With the continuation of G. K.'s Weekly after Gilbert's death, by Belloc's son-in-law Reginald Jebb with Hilary Pepler, the complete series of publications therefore reads as
- The Eye-Witness (1911-1914) →
- The New Witness (1914-1923) →
- G. K.'s Weekly (1925-1936) →
- The Weekly Review (1936/7 - 1948, when it became a short-lived monthly).[1][2]
[edit] Distributism in context
The essential continuity under the main editorial figures (those mentioned, plus W. R. Titterton who was Gilbert's sub-editor), is a manifestation of the political and economic doctrine of distributism. This was mainly the work of Belloc, Gilbert and Cecil Chesterton, and Arthur Penty, and had its origins in an Edwardian-era split of Fabian socialism in London circles, around A. R. Orage and his prominent publication The New Age. [3]
In fact, in founding The Eye-Witness, Belloc took a title of a book of essays of his own from a couple of years before, and drew initially on a group of writers more associated with The Speaker.[4]
The papers under discussion in this article became, in practical terms, the organs of the distributist group.
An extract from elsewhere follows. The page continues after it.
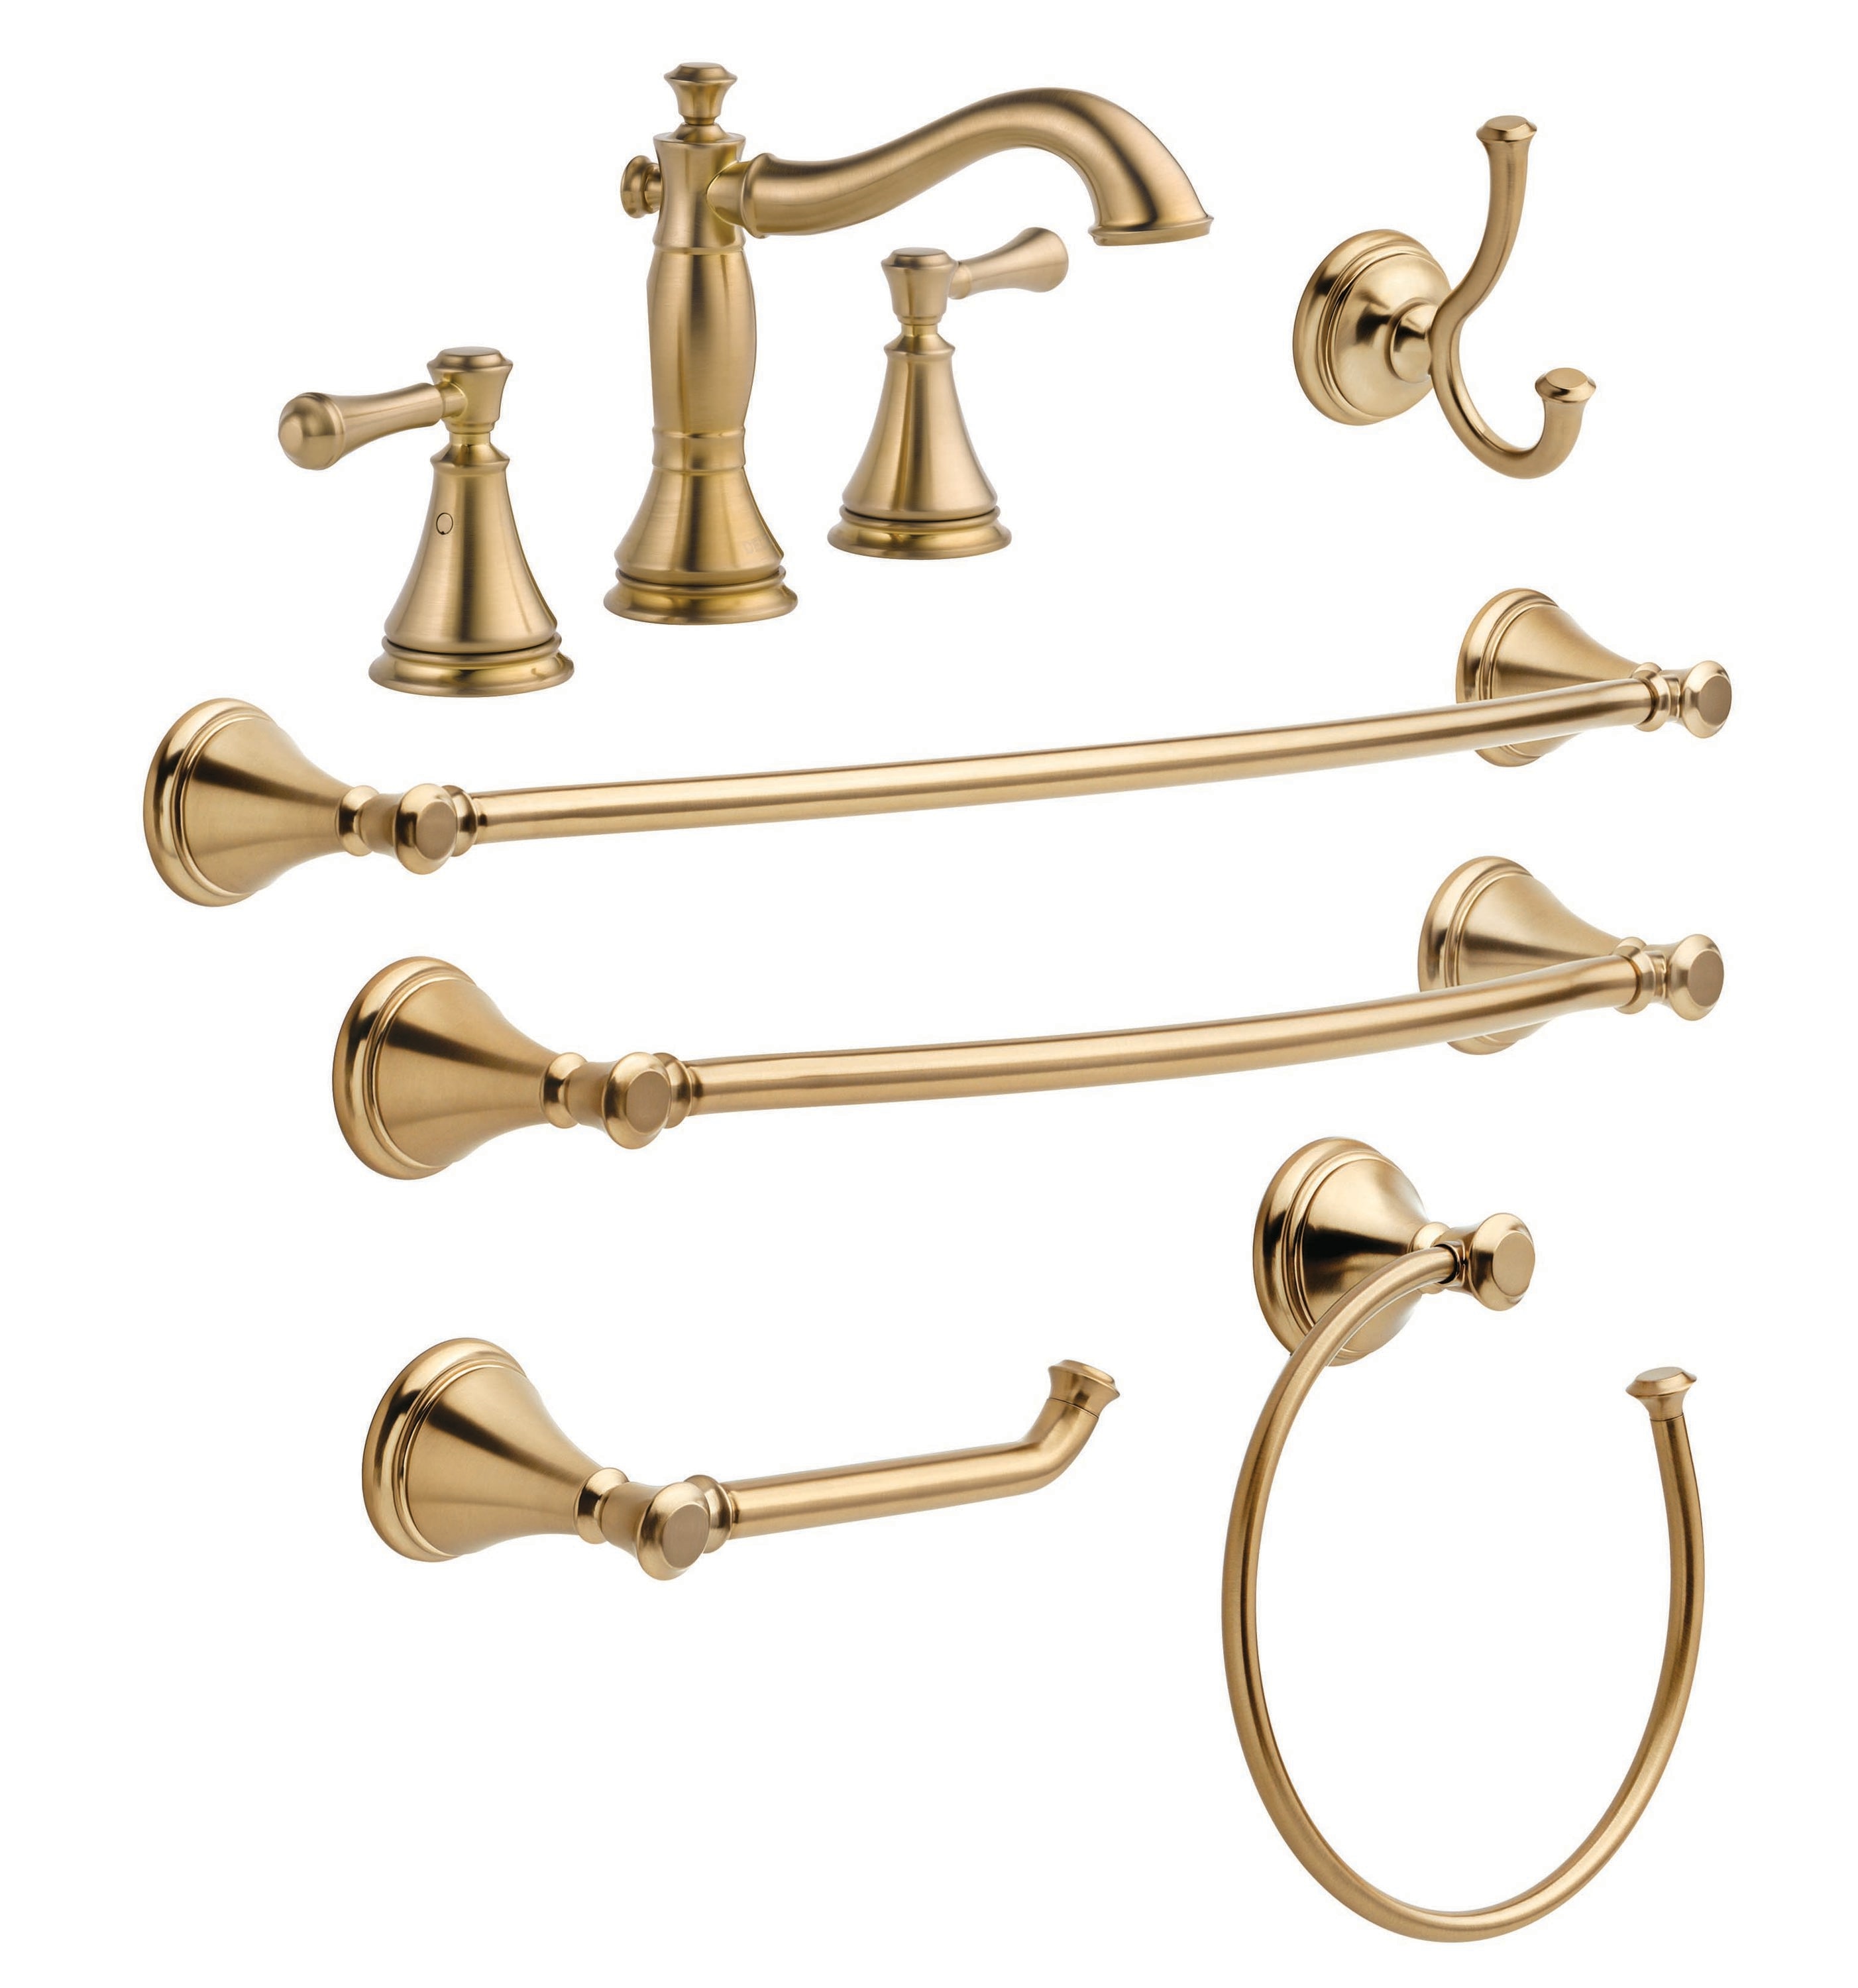 Cassidy Delta Faucet - Champagne Bronze Finish #kitchendesign

This came together as the Distributist League in 1926[5], as G. K.'s Weekly appeared as a revamped publication. The main business of the League, organisationally, fell to Titterton. The League had its own newsletter from 1931.[6]
[edit] Chesterton as editor and campaigner
Chesterton travelled the country to local distributist chapters.[7] G. K.'s Weekly in fact gained little financially for Chesterton; it was not a lucrative venture, but a gesture of respect for Cecil's memory.[8] The financial state of the publications meant that contributors could expect little or no reward. One later famous name who first broke into journalism this way was Eric Blair.[9]
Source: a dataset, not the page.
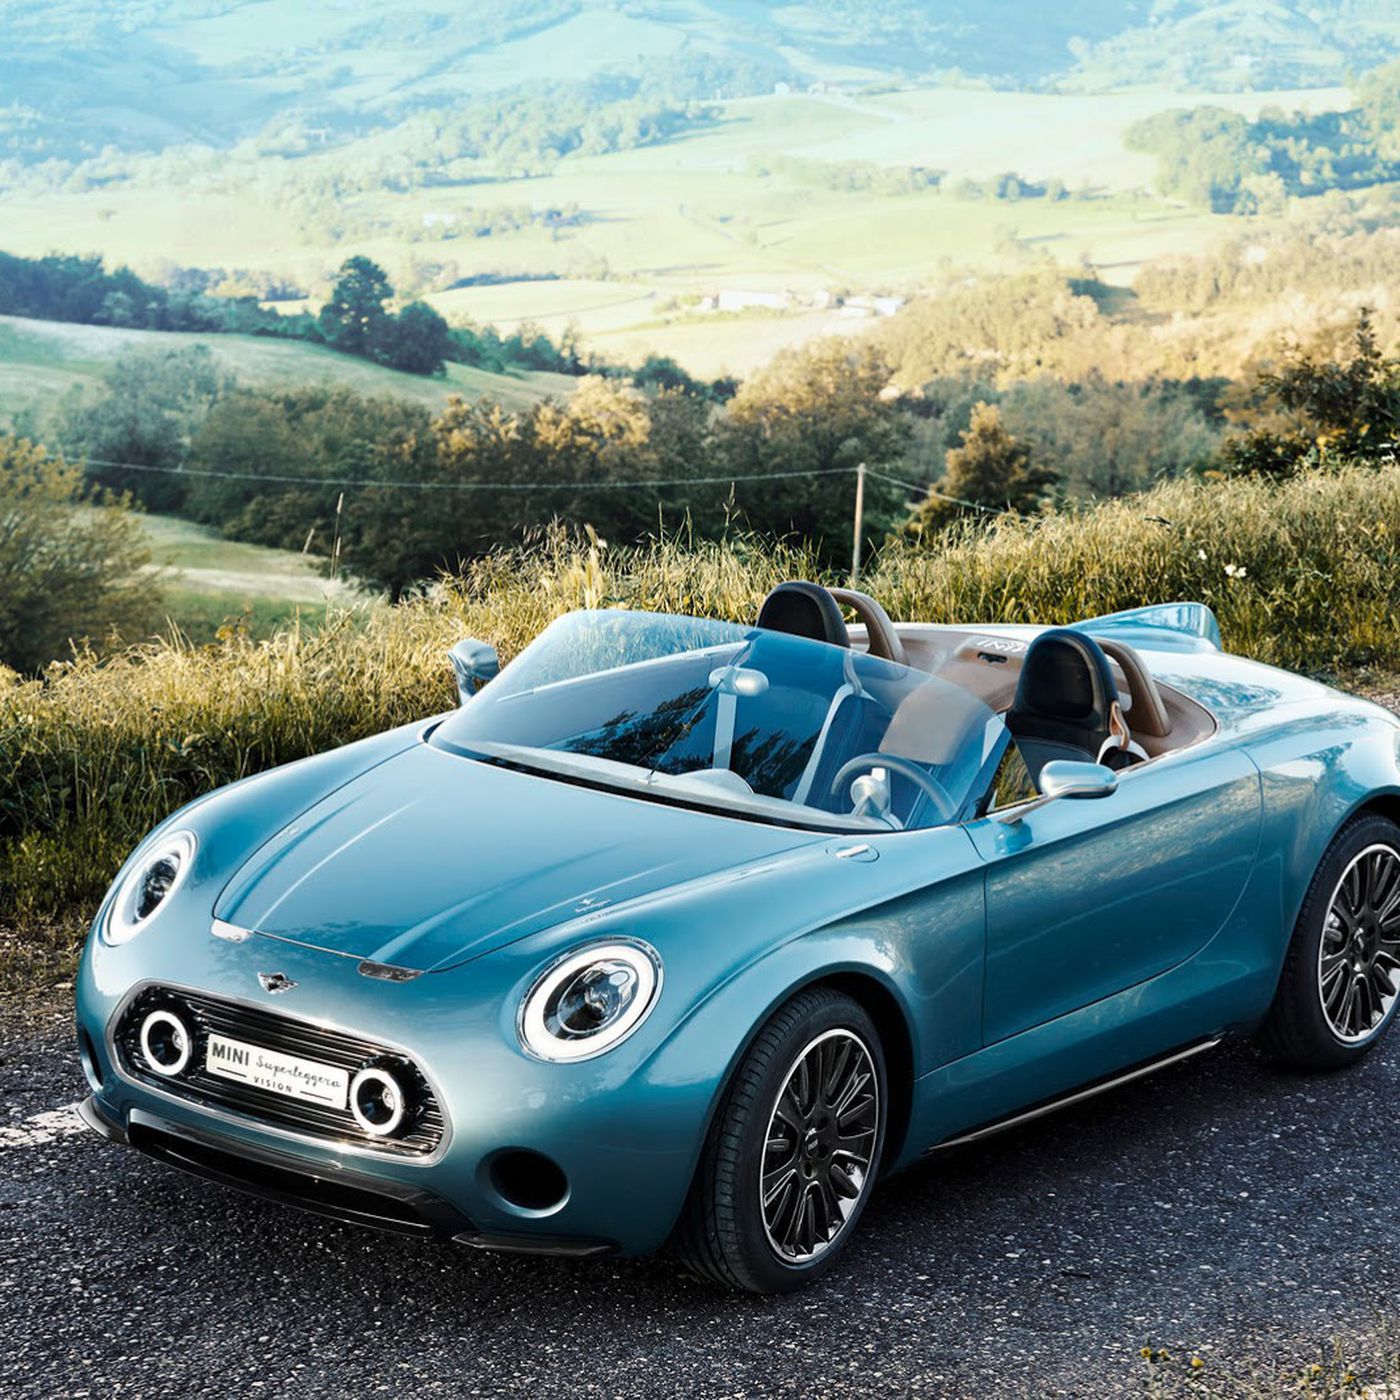 This handmade Italian roadster is a Mini Cooper unlike any other - The Verge

Editorial policy in the latter days of G. K.'s Weekly was moving towards a right-wing position. Attitude to Mussolini (whom GKC interviewed, see the Maisie Ward biography) in the 1930s is close to the point; Chesterton made somewhat favourable remarks about contemporary Italy in his Autobiography (1935). Right at the end of his life G. K.'s Weekly in editorial comment on the invasion of Abyssinia seemed to go further (but there is evidence that this was not Chesterton writing, and that he was upset by the incident).
[edit] The League after Chesterton's death
After Chesterton died in 1936 the League was near collapse[10] but continued in a new form, until being closed down in 1940.[11] Arthur Penty's Distributist Manifesto was published in 1937; Belloc had taken over as President, and the vice-presidents included Eric Gill and T. S. Eliot.
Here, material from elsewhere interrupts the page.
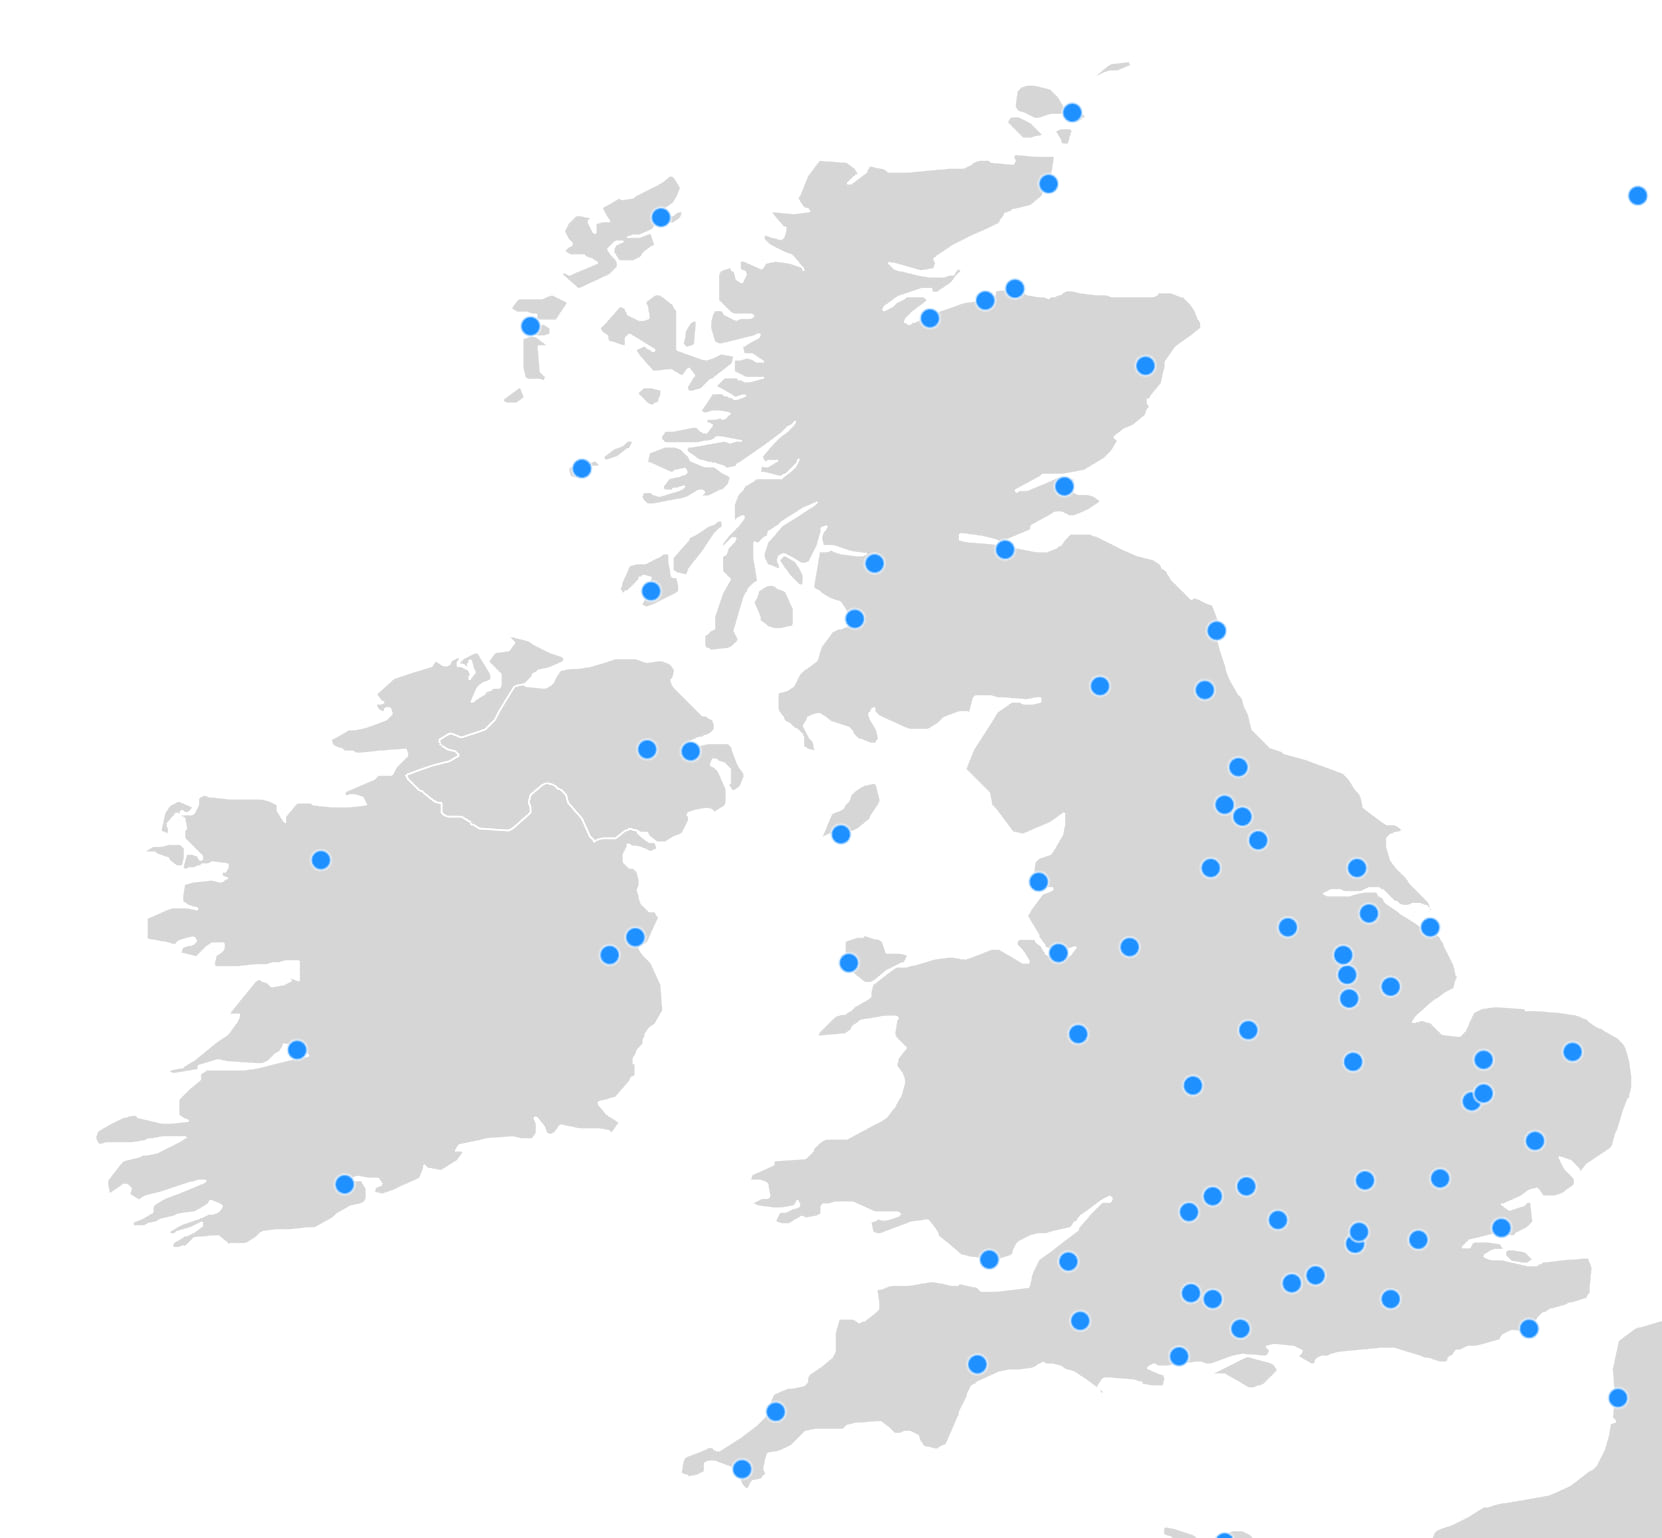 UK weather stations. Each point is clearly visible at 10px.

[edit] The Chesterbelloc and anti-Semitic prejudice
There is a continuing debate about the extent of anti-Semitic prejudice to be found in the views of Gilbert and Cecil Chesterton, and of Hilaire Belloc. The discussion involves three people, who were very different in character, and who have certainly been put in the frame on grounds of guilt by association in the past. The Chesterbelloc was the term coined by George Bernard Shaw for Gilbert Chesterton in partnership with Belloc; the description stuck.[12] Cecil Chesterton was the most combative[13], and probably the most theoretical of the three. Looking at them together acknowledges that the publications' history pieced together does represent a continuity of thought[14].
Barnet Litvinoff[15] has written
Britain had its replicas of Maurras and Daudet in those adornments of English letters, G. K. Chesterton and Hilaire Belloc.
This question has to be examined on a historical trajectory, from the time of the Second Boer War to the Spanish Civil War, via the Marconi scandal. Bryan Cheyette[16] speaks of Chesterton's 'literary decline' from around 1922, and writes
To his detriment, Chesterton's fiction at this time seems to be unduly influenced by Belloc's Barnett quartet with its constant reference to all-powerful Jewish plutocrats [...]
Litvinoff[17] also cites Chesterton commenting on Henry Ford, Sr.'s view on the 'Jewish problem', in his 1922 What I Saw in America.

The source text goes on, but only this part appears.